- Capital: Narhan
- Religion: Hinduism
- Historical era: Middle Ages
- • Established: 17th Century
- • Disestablished: 1947

= Narhan Estate =

Medieval dynasty and later a zamindari estate of Bhumihar during the British Raj

The Narhan Estate, also known as Narhan Raj, was a medieval dynasty and later a zamindari (estate) during the British Raj, located in present-day Bihar.

The estate was ruled by the Bhumihar community, a dominant landowning group in Bihar known for their administrative and military influence. Within the Bhumihars, the rulers of Narhan Estate belonged to the Dronwar clan, a prominent sub-group with historical significance. Furthermore, the Dronwar rulers of Narhan traced their ancestry to the Vats gotra, a lineage with deep connections to Vedic traditions.
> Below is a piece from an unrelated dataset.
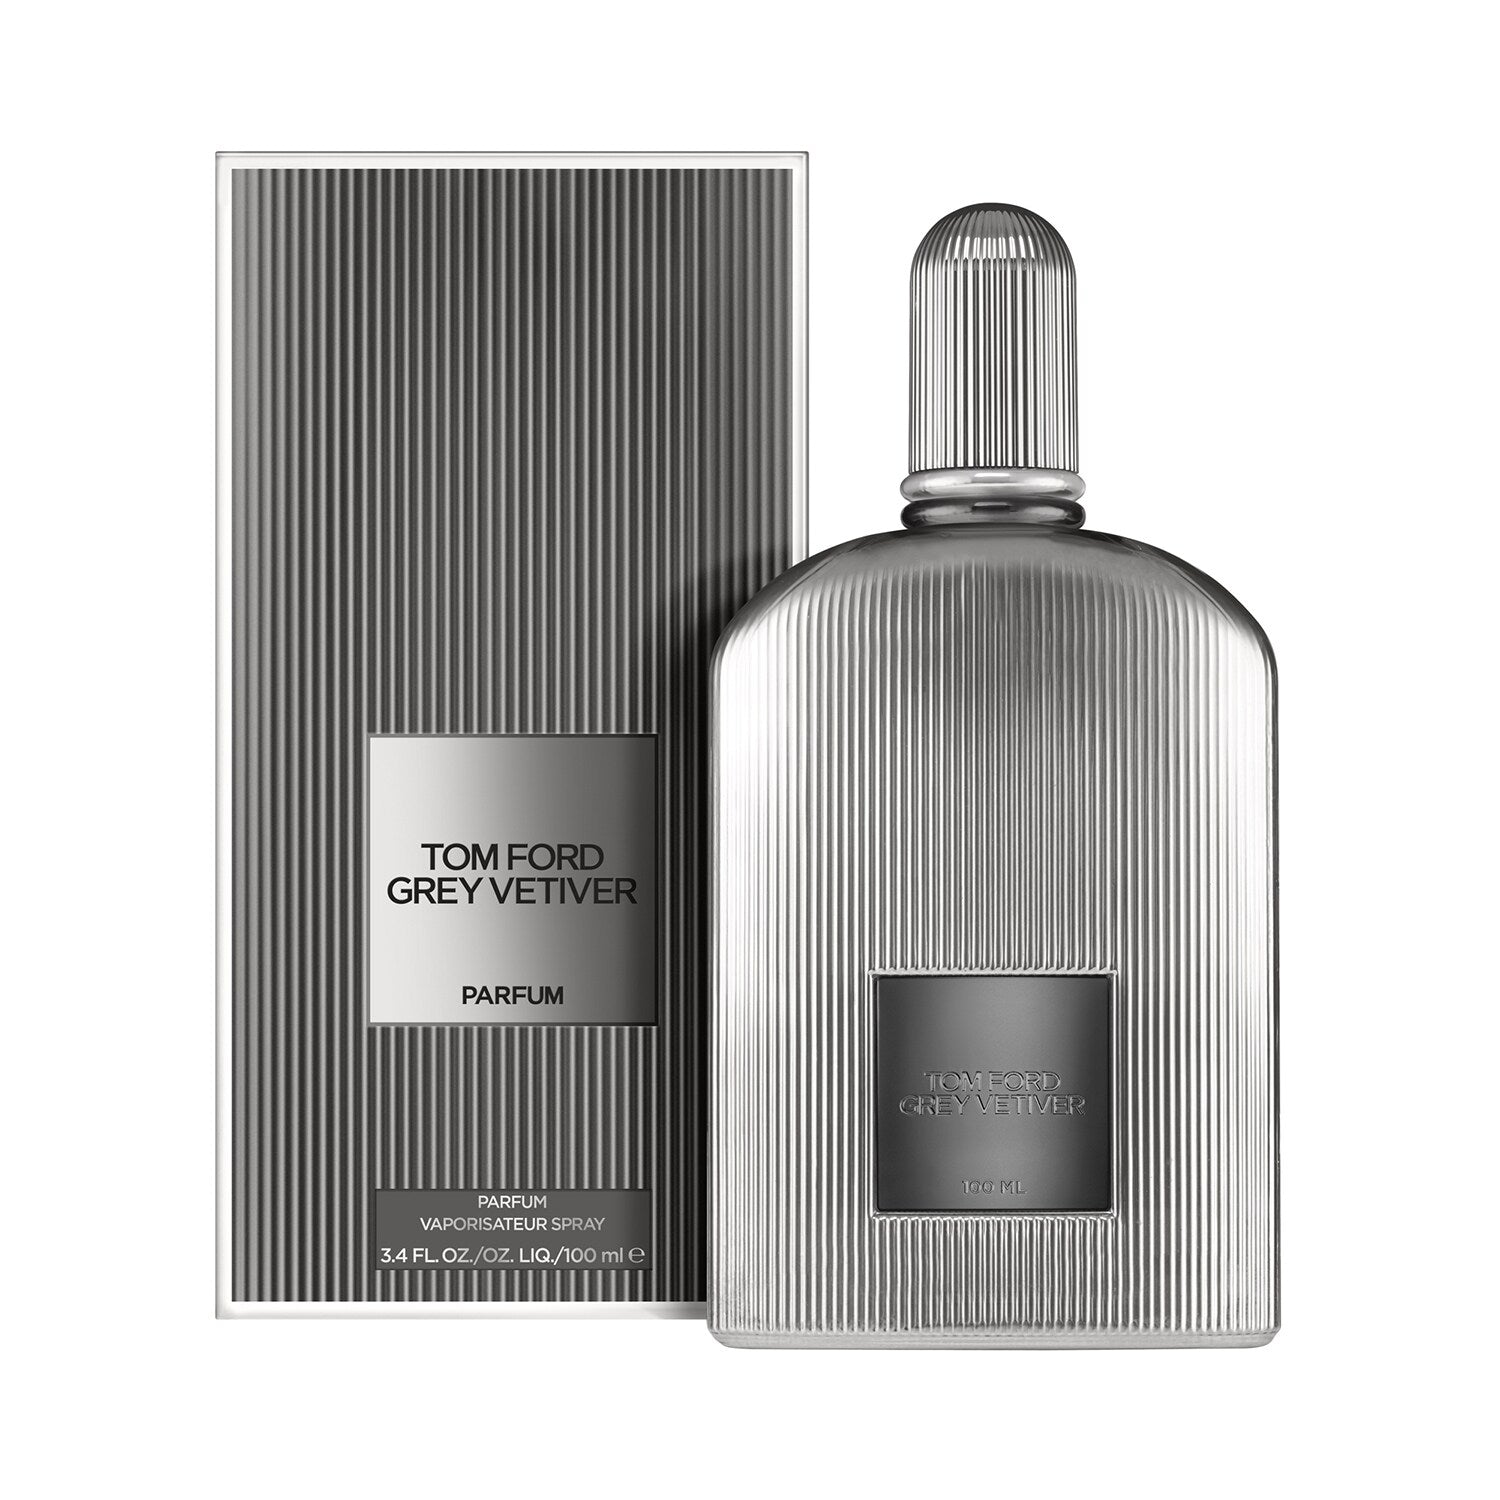 Tom Ford Grey Vetiver Parfum | My Perfume Shop Australia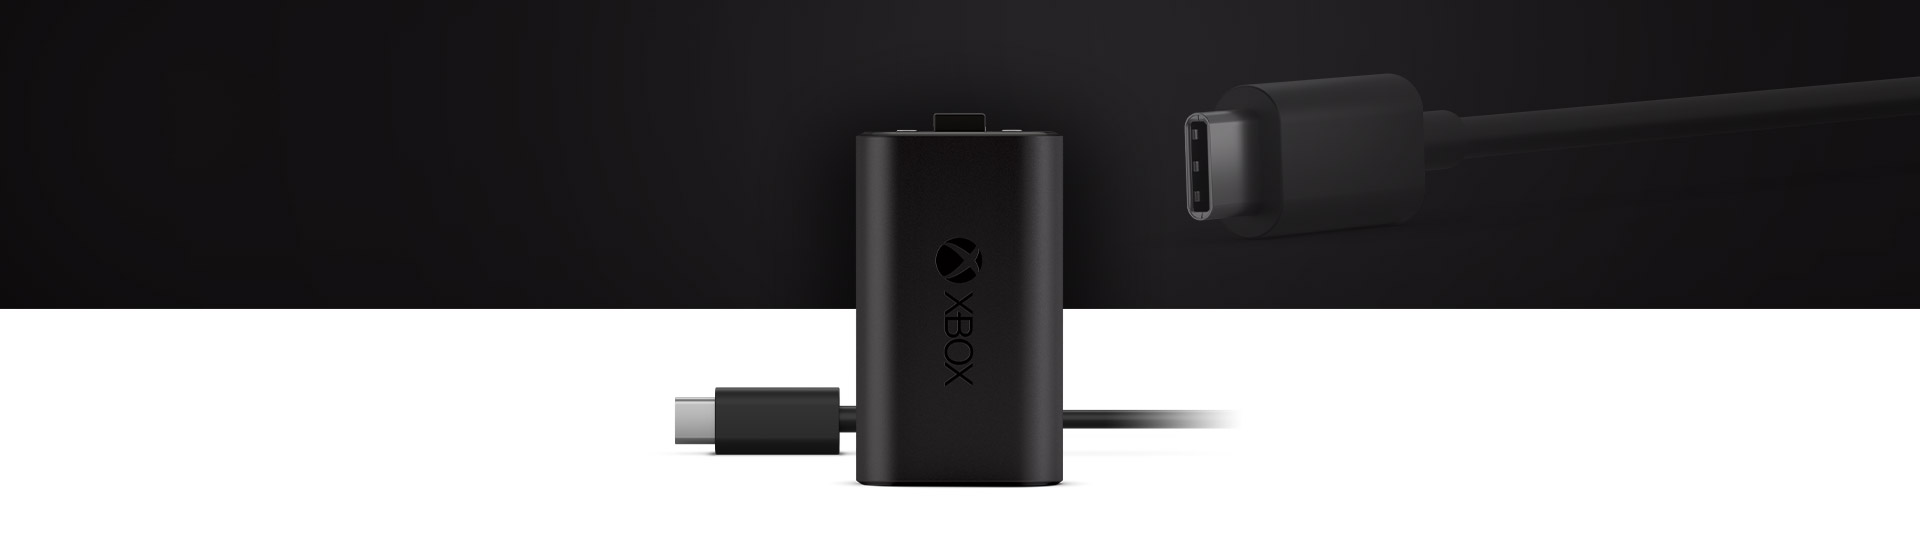 Аккумуляторная батарея Xbox и кабель USB-C®, крупный план кабеля USB-C®

The estate originally belonged to the erstwhile in Samastipur district and extended across the districts of Muzaffarpur and Patna, covering an area of 57,282 acres.

The estate was named after Narhan village, which served as the ancestral seat and administrative center of the ruling family. As a powerful zamindari, Narhan Estate played a vital role in the socio-political landscape of Bihar, influencing regional governance, agrarian policies, and cultural developments. The rulers were known for their patronage of education, religion, and social reforms, leaving a lasting impact on the region's history.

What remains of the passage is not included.